* **GIVEN DATA**

● ● ● ●

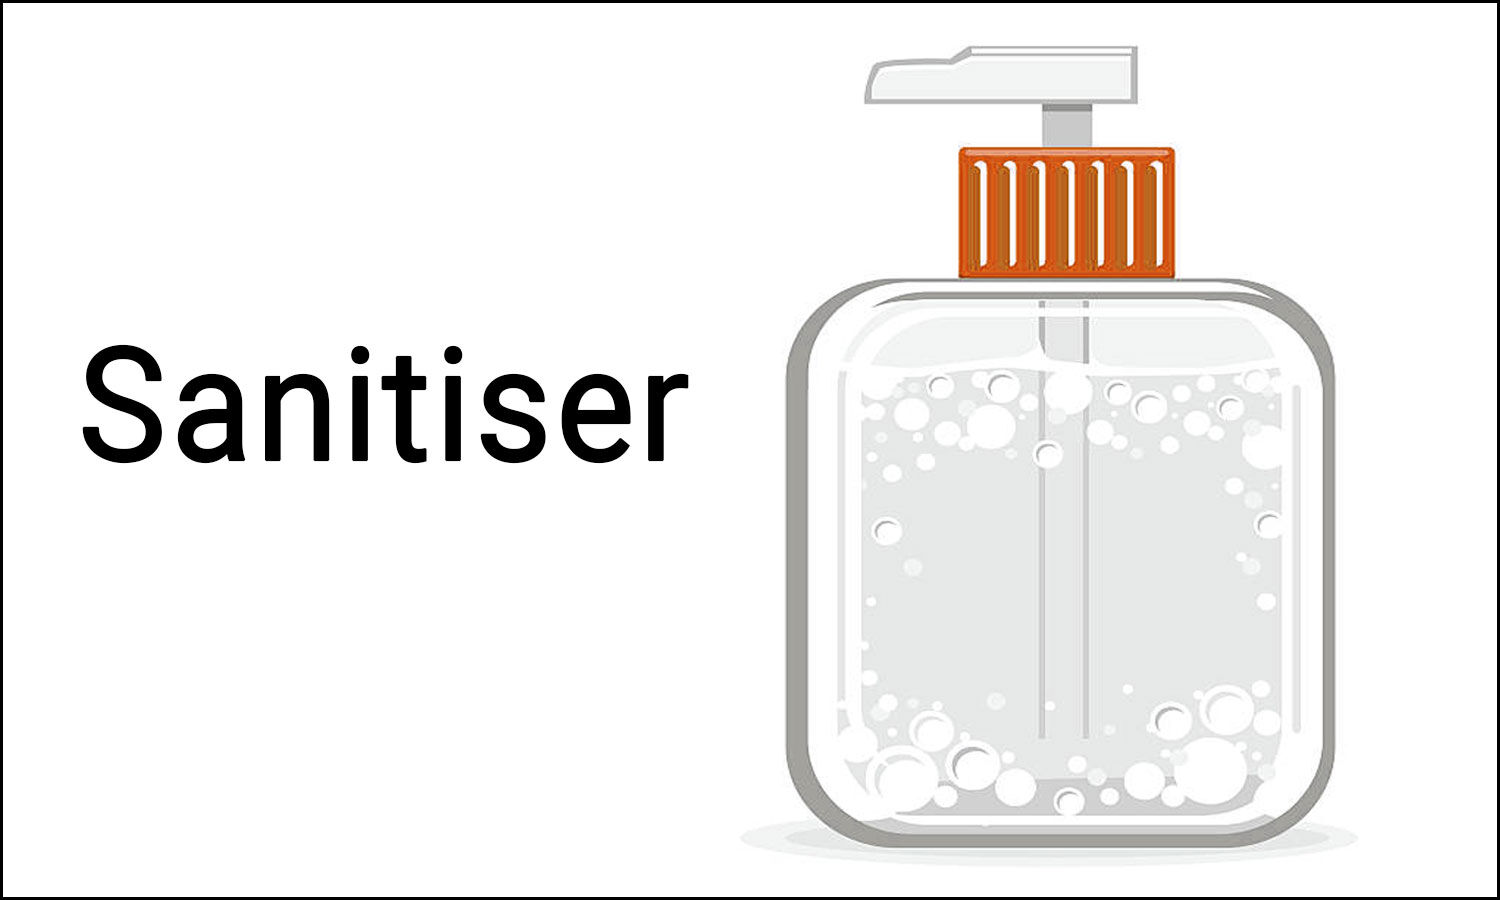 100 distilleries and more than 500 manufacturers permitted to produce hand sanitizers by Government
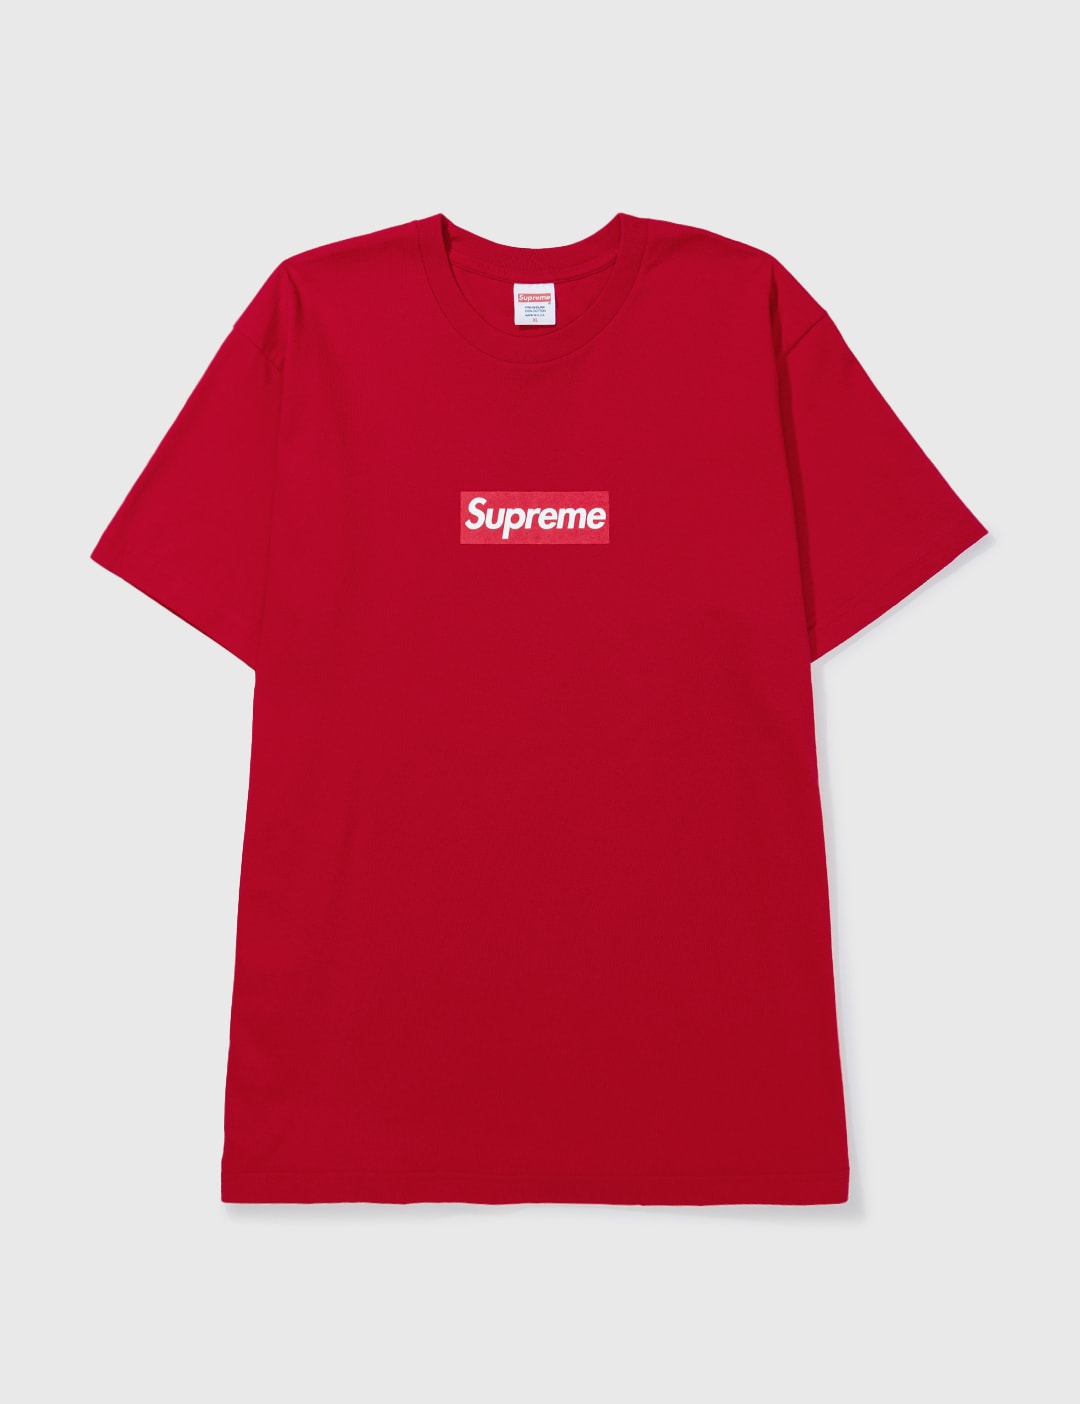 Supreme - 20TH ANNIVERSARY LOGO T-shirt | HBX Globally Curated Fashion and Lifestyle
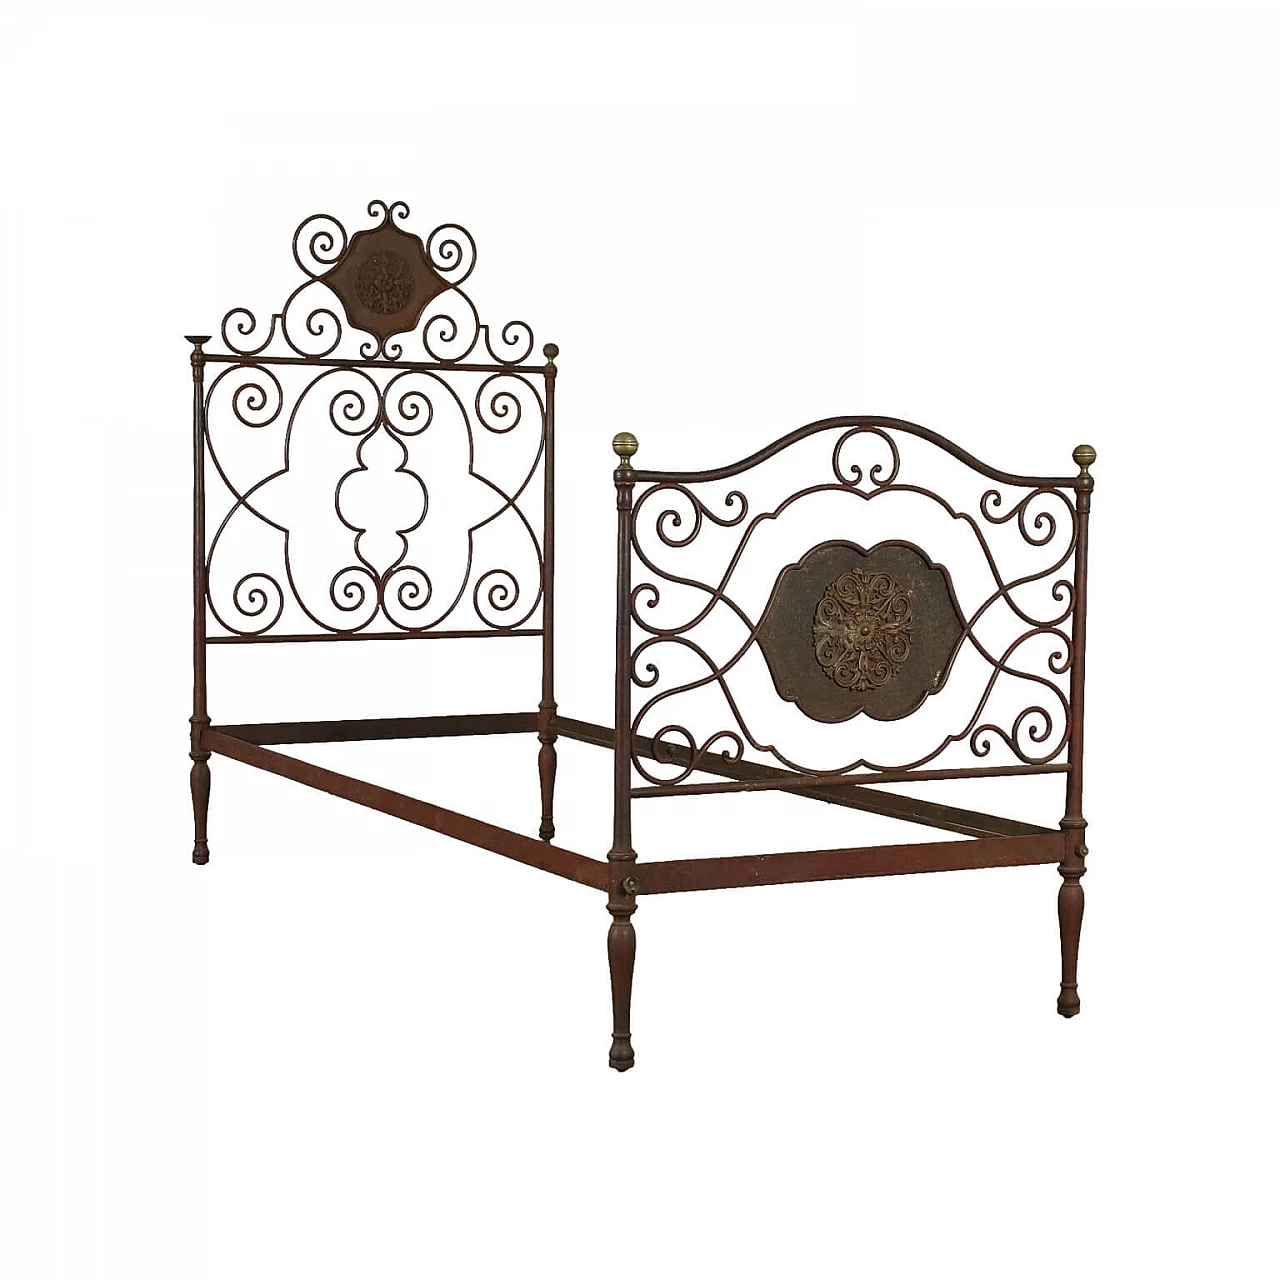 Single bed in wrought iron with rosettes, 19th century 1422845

● ● ● ●

* **GOAL OF THE EXERCISE**
Once the pictures are set aside, give the listing again word for word.

* **YOUR SOLUTION**
 100 distilleries and more than 500 manufacturers permitted to produce hand sanitizers by Government
 Supreme - 20TH ANNIVERSARY LOGO T-shirt | HBX Globally Curated Fashion and Lifestyle
 Single bed in wrought iron with rosettes, 19th century 1422845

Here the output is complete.